In the listing below, find the line with "Chocos Landscape Brochure" and the line with "VIDEO: 2. Malia Obama Steps In for Dad", then return them and every line between them exactly, minus the pictures.

▶ [Data]:

=-=-=

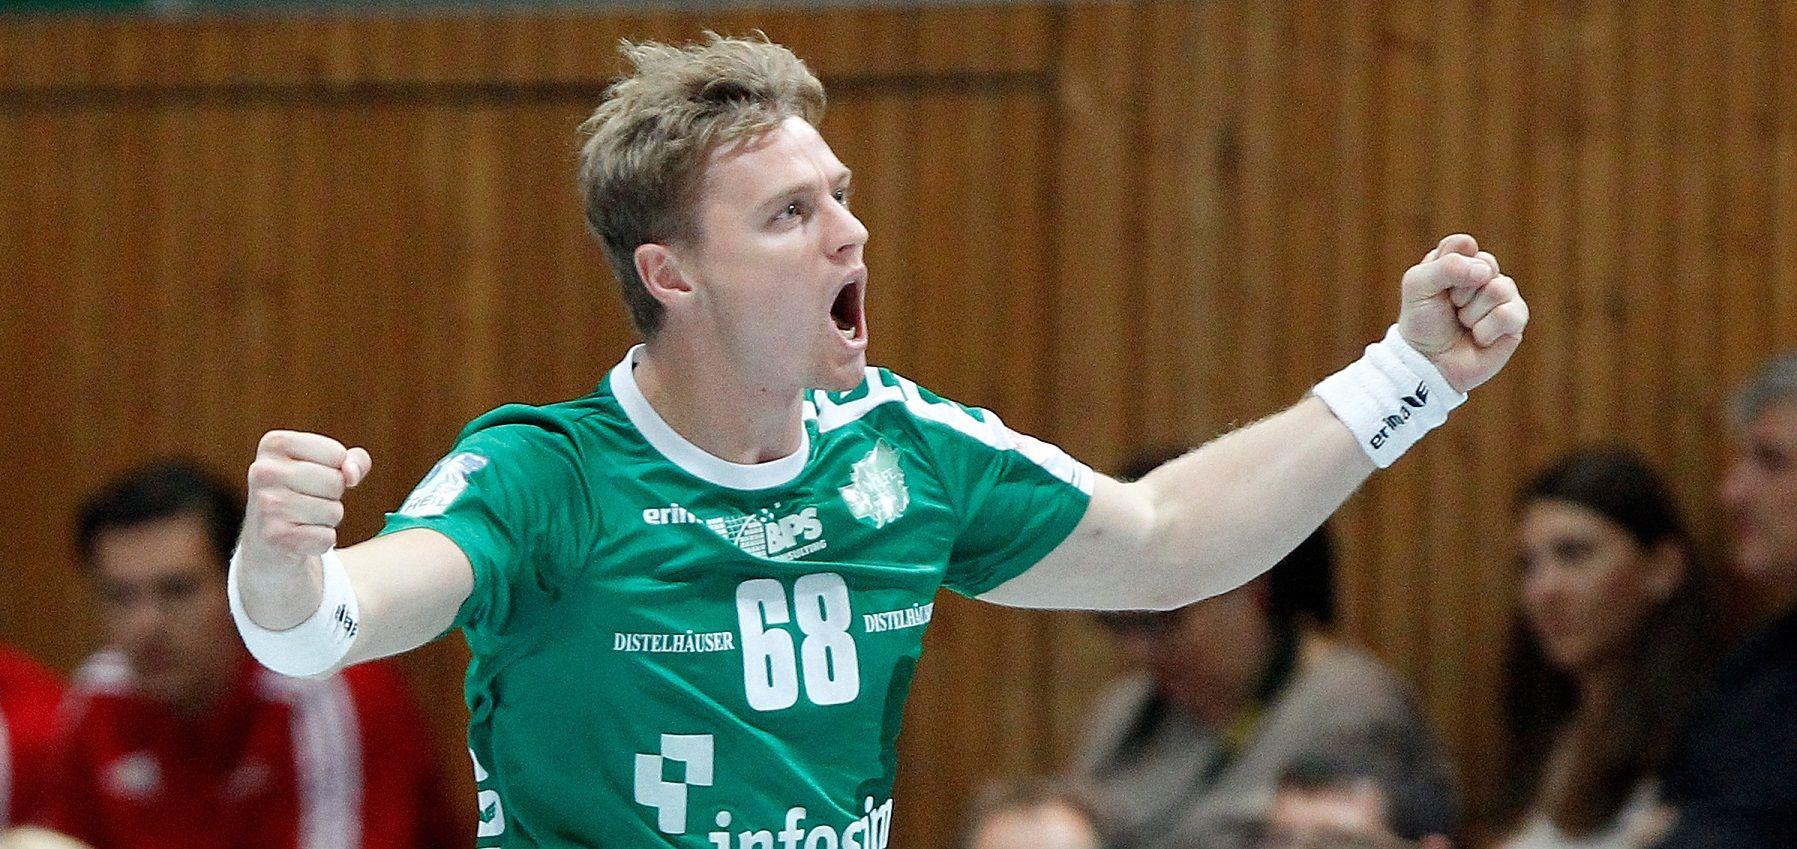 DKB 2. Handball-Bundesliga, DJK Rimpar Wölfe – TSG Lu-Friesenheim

=-=-=

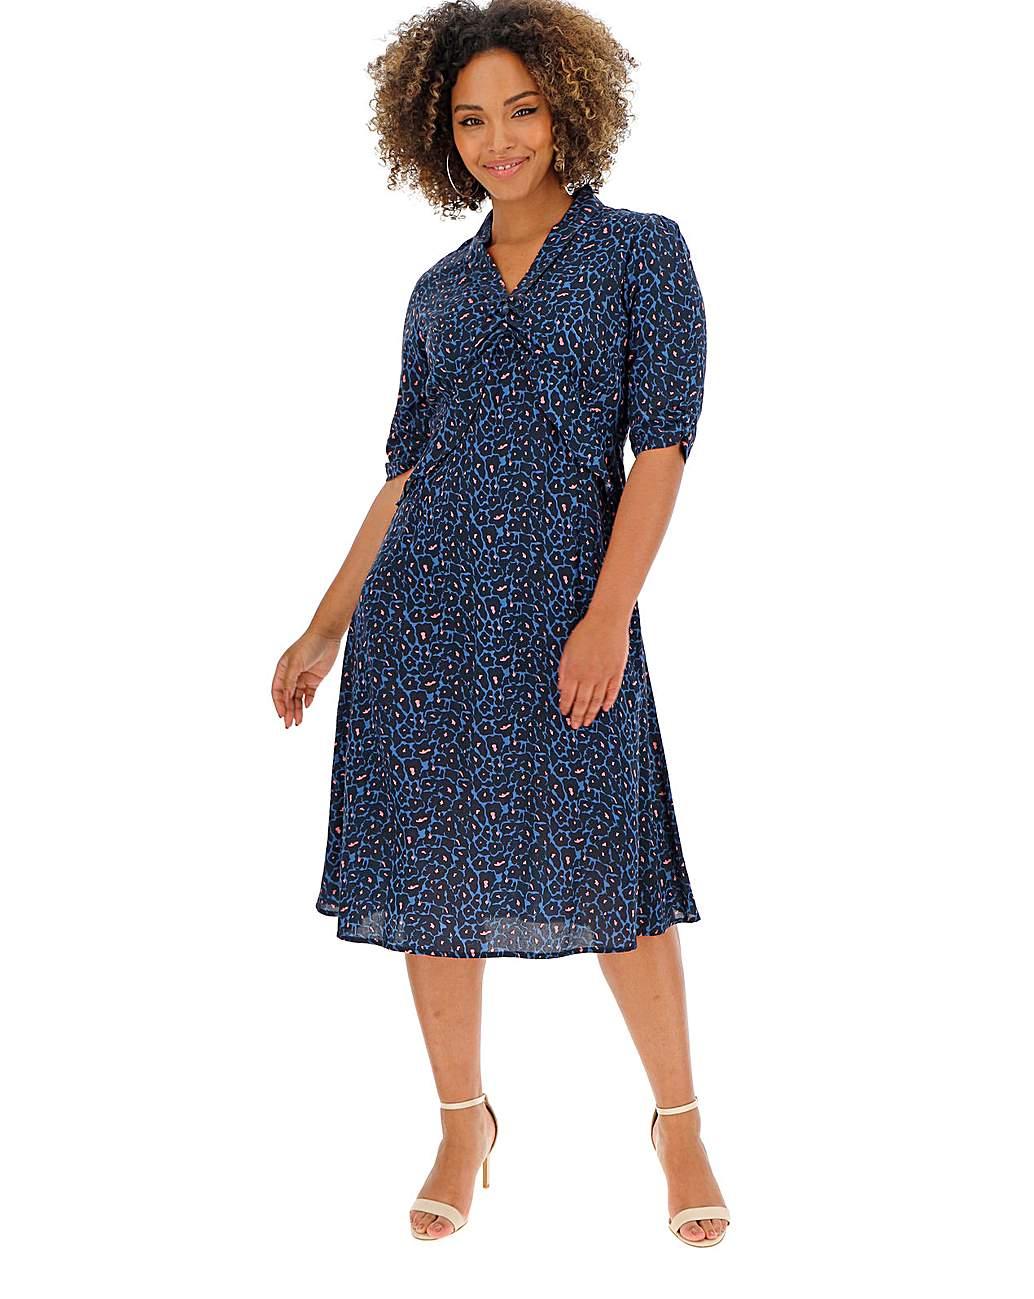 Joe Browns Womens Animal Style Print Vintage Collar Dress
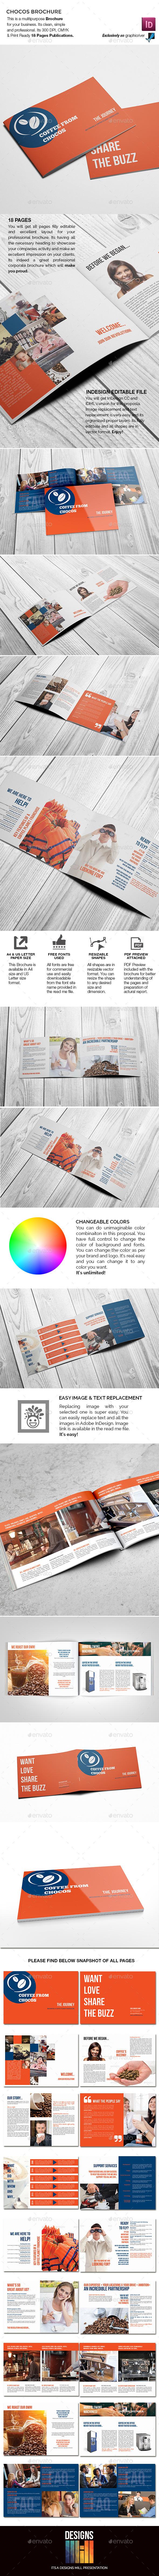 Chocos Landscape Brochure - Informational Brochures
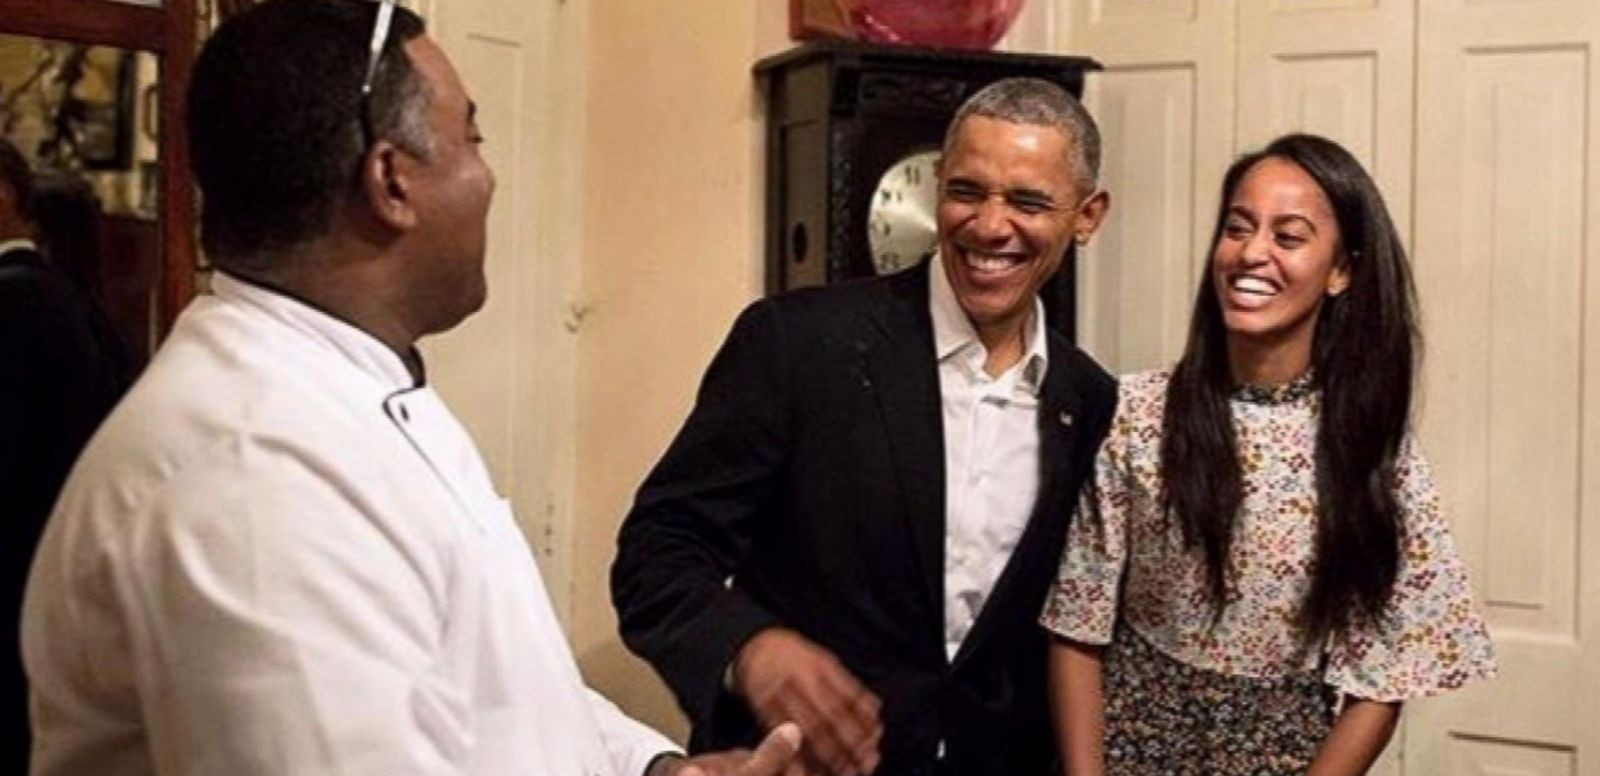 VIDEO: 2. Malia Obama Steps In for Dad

=-=-=

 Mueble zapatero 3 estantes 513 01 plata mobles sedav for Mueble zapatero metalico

=-=-=

▶ [Expected output]:
 Chocos Landscape Brochure - Informational Brochures
 VIDEO: 2. Malia Obama Steps In for Dad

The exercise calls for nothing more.